# SUPPLIED INFORMATION
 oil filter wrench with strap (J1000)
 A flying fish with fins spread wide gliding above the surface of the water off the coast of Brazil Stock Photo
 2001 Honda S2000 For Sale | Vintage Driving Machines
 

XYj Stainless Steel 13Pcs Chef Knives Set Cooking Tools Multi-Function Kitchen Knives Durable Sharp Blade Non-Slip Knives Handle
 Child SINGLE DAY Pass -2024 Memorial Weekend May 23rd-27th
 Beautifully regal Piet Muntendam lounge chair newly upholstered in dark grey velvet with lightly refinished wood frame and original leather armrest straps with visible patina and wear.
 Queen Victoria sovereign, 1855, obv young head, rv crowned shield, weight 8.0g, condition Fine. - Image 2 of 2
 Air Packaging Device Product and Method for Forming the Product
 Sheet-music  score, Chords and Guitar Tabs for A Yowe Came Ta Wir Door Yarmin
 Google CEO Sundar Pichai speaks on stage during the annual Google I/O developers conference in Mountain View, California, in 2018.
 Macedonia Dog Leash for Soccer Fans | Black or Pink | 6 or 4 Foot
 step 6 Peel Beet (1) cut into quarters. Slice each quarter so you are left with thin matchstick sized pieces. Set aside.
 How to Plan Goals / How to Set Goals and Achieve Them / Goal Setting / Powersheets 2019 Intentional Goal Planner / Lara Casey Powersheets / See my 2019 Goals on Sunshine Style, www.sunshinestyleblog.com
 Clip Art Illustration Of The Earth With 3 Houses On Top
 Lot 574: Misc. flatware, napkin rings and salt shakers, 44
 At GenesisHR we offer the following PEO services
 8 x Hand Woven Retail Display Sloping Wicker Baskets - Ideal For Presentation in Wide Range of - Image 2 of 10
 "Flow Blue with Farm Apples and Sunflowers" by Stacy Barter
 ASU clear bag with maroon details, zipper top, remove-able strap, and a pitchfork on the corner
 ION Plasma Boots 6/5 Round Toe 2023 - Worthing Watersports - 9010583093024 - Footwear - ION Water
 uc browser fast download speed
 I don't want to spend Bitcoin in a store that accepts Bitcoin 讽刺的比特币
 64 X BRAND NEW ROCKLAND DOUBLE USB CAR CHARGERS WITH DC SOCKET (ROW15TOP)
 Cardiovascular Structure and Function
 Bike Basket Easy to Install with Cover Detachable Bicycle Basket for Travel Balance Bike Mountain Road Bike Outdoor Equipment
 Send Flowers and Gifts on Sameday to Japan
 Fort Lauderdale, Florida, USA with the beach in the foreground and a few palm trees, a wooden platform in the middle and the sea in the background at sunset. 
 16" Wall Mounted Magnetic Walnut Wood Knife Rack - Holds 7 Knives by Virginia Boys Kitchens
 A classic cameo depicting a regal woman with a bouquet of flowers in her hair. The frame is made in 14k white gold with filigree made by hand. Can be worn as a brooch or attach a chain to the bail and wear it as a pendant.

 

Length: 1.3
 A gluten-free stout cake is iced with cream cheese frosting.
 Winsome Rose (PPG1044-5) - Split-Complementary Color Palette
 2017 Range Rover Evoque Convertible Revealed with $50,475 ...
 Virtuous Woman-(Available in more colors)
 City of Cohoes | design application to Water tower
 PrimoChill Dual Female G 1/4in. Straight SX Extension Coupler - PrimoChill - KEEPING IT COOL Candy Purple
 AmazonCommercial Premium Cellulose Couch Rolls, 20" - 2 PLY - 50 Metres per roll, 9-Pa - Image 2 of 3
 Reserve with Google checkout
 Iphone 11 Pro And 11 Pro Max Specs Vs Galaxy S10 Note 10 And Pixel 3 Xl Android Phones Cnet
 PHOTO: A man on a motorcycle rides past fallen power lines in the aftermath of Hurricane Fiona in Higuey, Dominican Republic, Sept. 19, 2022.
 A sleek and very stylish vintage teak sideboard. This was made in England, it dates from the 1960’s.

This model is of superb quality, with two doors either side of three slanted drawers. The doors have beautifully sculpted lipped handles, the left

# GOAL OF THE EXERCISE
Your task is to transcribe the listing above in full, exactly as given.

# OUTPUT FOR THIS EXERCISE
 oil filter wrench with strap (J1000)
 A flying fish with fins spread wide gliding above the surface of the water off the coast of Brazil Stock Photo
 2001 Honda S2000 For Sale | Vintage Driving Machines
 

XYj Stainless Steel 13Pcs Chef Knives Set Cooking Tools Multi-Function Kitchen Knives Durable Sharp Blade Non-Slip Knives Handle
 Child SINGLE DAY Pass -2024 Memorial Weekend May 23rd-27th
 Beautifully regal Piet Muntendam lounge chair newly upholstered in dark grey velvet with lightly refinished wood frame and original leather armrest straps with visible patina and wear.
 Queen Victoria sovereign, 1855, obv young head, rv crowned shield, weight 8.0g, condition Fine. - Image 2 of 2
 Air Packaging Device Product and Method for Forming the Product
 Sheet-music  score, Chords and Guitar Tabs for A Yowe Came Ta Wir Door Yarmin
 Google CEO Sundar Pichai speaks on stage during the annual Google I/O developers conference in Mountain View, California, in 2018.
 Macedonia Dog Leash for Soccer Fans | Black or Pink | 6 or 4 Foot
 step 6 Peel Beet (1) cut into quarters. Slice each quarter so you are left with thin matchstick sized pieces. Set aside.
 How to Plan Goals / How to Set Goals and Achieve Them / Goal Setting / Powersheets 2019 Intentional Goal Planner / Lara Casey Powersheets / See my 2019 Goals on Sunshine Style, www.sunshinestyleblog.com
 Clip Art Illustration Of The Earth With 3 Houses On Top
 Lot 574: Misc. flatware, napkin rings and salt shakers, 44
 At GenesisHR we offer the following PEO services
 8 x Hand Woven Retail Display Sloping Wicker Baskets - Ideal For Presentation in Wide Range of - Image 2 of 10
 "Flow Blue with Farm Apples and Sunflowers" by Stacy Barter
 ASU clear bag with maroon details, zipper top, remove-able strap, and a pitchfork on the corner
 ION Plasma Boots 6/5 Round Toe 2023 - Worthing Watersports - 9010583093024 - Footwear - ION Water
 uc browser fast download speed
 I don't want to spend Bitcoin in a store that accepts Bitcoin 讽刺的比特币
 64 X BRAND NEW ROCKLAND DOUBLE USB CAR CHARGERS WITH DC SOCKET (ROW15TOP)
 Cardiovascular Structure and Function
 Bike Basket Easy to Install with Cover Detachable Bicycle Basket for Travel Balance Bike Mountain Road Bike Outdoor Equipment
 Send Flowers and Gifts on Sameday to Japan
 Fort Lauderdale, Florida, USA with the beach in the foreground and a few palm trees, a wooden platform in the middle and the sea in the background at sunset. 
 16" Wall Mounted Magnetic Walnut Wood Knife Rack - Holds 7 Knives by Virginia Boys Kitchens
 A classic cameo depicting a regal woman with a bouquet of flowers in her hair. The frame is made in 14k white gold with filigree made by hand. Can be worn as a brooch or attach a chain to the bail and wear it as a pendant.

 

Length: 1.3
 A gluten-free stout cake is iced with cream cheese frosting.
 Winsome Rose (PPG1044-5) - Split-Complementary Color Palette
 2017 Range Rover Evoque Convertible Revealed with $50,475 ...
 Virtuous Woman-(Available in more colors)
 City of Cohoes | design application to Water tower
 PrimoChill Dual Female G 1/4in. Straight SX Extension Coupler - PrimoChill - KEEPING IT COOL Candy Purple
 AmazonCommercial Premium Cellulose Couch Rolls, 20" - 2 PLY - 50 Metres per roll, 9-Pa - Image 2 of 3
 Reserve with Google checkout
 Iphone 11 Pro And 11 Pro Max Specs Vs Galaxy S10 Note 10 And Pixel 3 Xl Android Phones Cnet
 PHOTO: A man on a motorcycle rides past fallen power lines in the aftermath of Hurricane Fiona in Higuey, Dominican Republic, Sept. 19, 2022.
 A sleek and very stylish vintage teak sideboard. This was made in England, it dates from the 1960’s.

This model is of superb quality, with two doors either side of three slanted drawers. The doors have beautifully sculpted lipped handles, the left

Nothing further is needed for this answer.